The review data (with omitted paper titles) can be found here.

Living Appendix

The project website with the living appendix can be found here.

Reproducing the Experiments

Set up the environment

Every experiment is contained in its own directory (e.g., experiment_a_1 for Experiment A.1). Each experiment has its own Dockerfile that contains all dependencies required to run the experiment. Simply follow the instructions below for each experiment to build the Docker image and run the experiment. Most experiments require API keys. Insert/Update the necessary keys in the .env.template file in the respective experiment directory and rename it to .env.

Note

You do not need docker necessarily. You can also just create a virtual environment, install all dependencies via pip install -r requirements, and then just run the python scripts as you need.

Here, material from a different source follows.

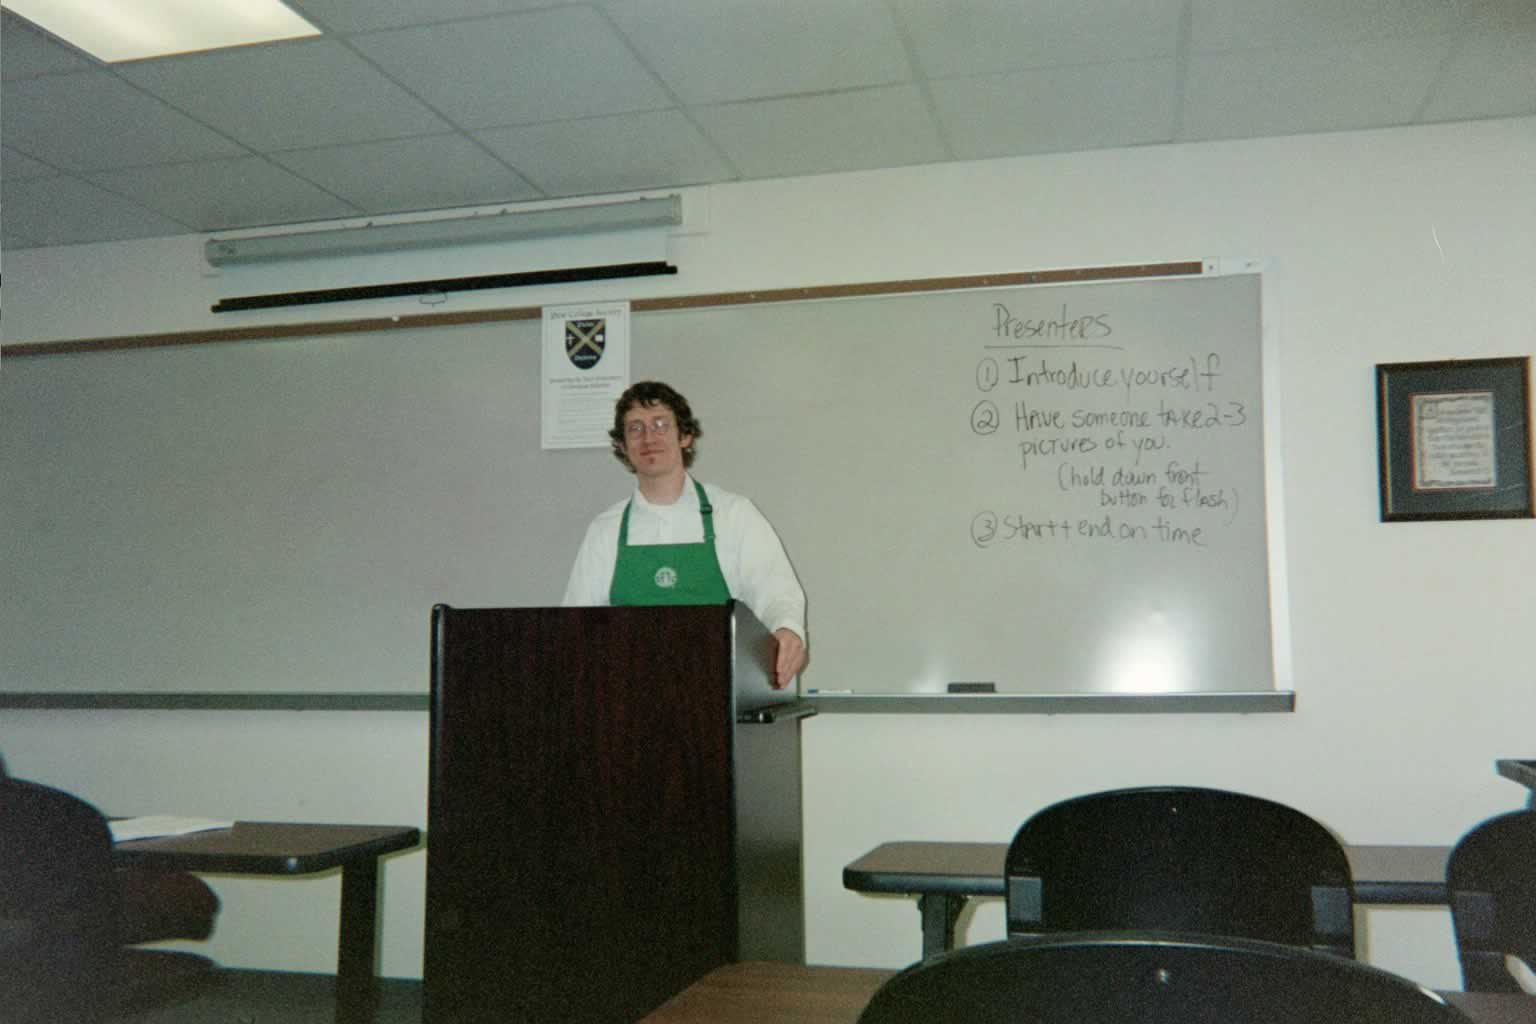 picture of a man with glasses standing behind the podium while wearing an apron

Experiment A: Model Ambiguity & Surrogate Fallacy

A.1 Hate Detection

Request dataset access from https://huggingface.co/datasets/keyan96/New-Wave-Hate Then, after getting access, go to the tab: "Files and Versions" (next to Dataset card and Data Studio). Download data_ground_truth.csv. Save the data_ground_truth.csv file in the experiment_a_1 directory.
To use the repository, you need to set up the env file with the OpenAI key.

cd experiment_a_1
cp .env.template .env
nano -w .env

Replace the OpenAI API key in .env with your API key.

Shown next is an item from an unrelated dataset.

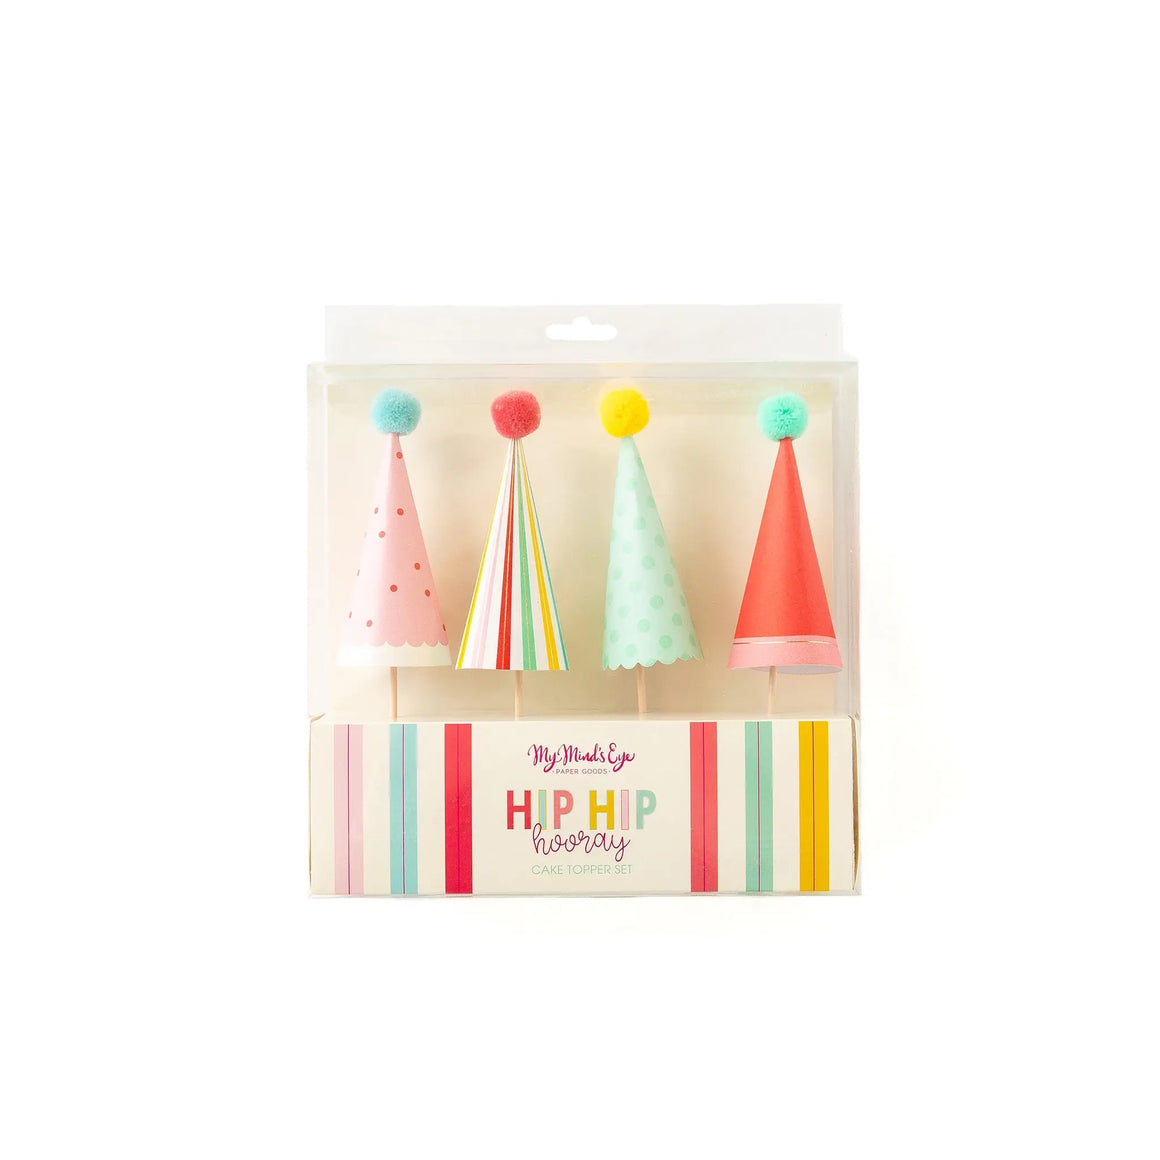 CAKE TOPPER - PARTY HATS

Build Docker and Run the Experiment

cd experiment_a_1
docker build -t experiment_a_1 .
docker run -e QUICK_CHECK=true experiment_a_1

You have two options:

QUICK_CHECK=True: Here, you run the experiment on 10 samples (Good to check the functionality quickly).
QUICK_CHECK=False (default) Here, you run the experiment on the full set of all samples (of the considered quarters).

Excepted output

You will get a few debug outputs.
The previous script will run 3 experiments for three categories.
The final output after running all experiments and aggregating the results should look like this (here, with QUICK_CHECK=True):

Found Results/results_vaccine_gpt-4-0613_gpt-4-0125-preview_gpt-4.1-2025-04-14.pck
Found Results/results_us_capitol_gpt-4-0613_gpt-4-0125-preview_gpt-4.1-2025-04-14.pck
Found Results/results_rus_ukr_gpt-4-0613_gpt-4-0125-preview_gpt-4.1-2025-04-14.pck
LLM:gpt-4-0613 & 96.67\% & 90.91\% & 100.0\% \\
LLM:gpt-4-0125-preview & 73.33\% & 100.0\% & 20.0\% \\
LLM:gpt-4.1-2025-04-14 & 86.67\% & 100.0\% & 60.0\% \\

The columns are: Accuracy, Precision, and Recall. Although we just used a small number of samples, we can already see a trend as reported in the paper. To see the numbers from the paper, you need to re-run the experiment with QUICK_CHECK=False. Note that the reported and observed numbers may slightly differ, as LLM outputs are not deterministic.

A.2 LLM Robustness

For the evaluation of the LLM robustness experiments we used the LLM confidentiality framework.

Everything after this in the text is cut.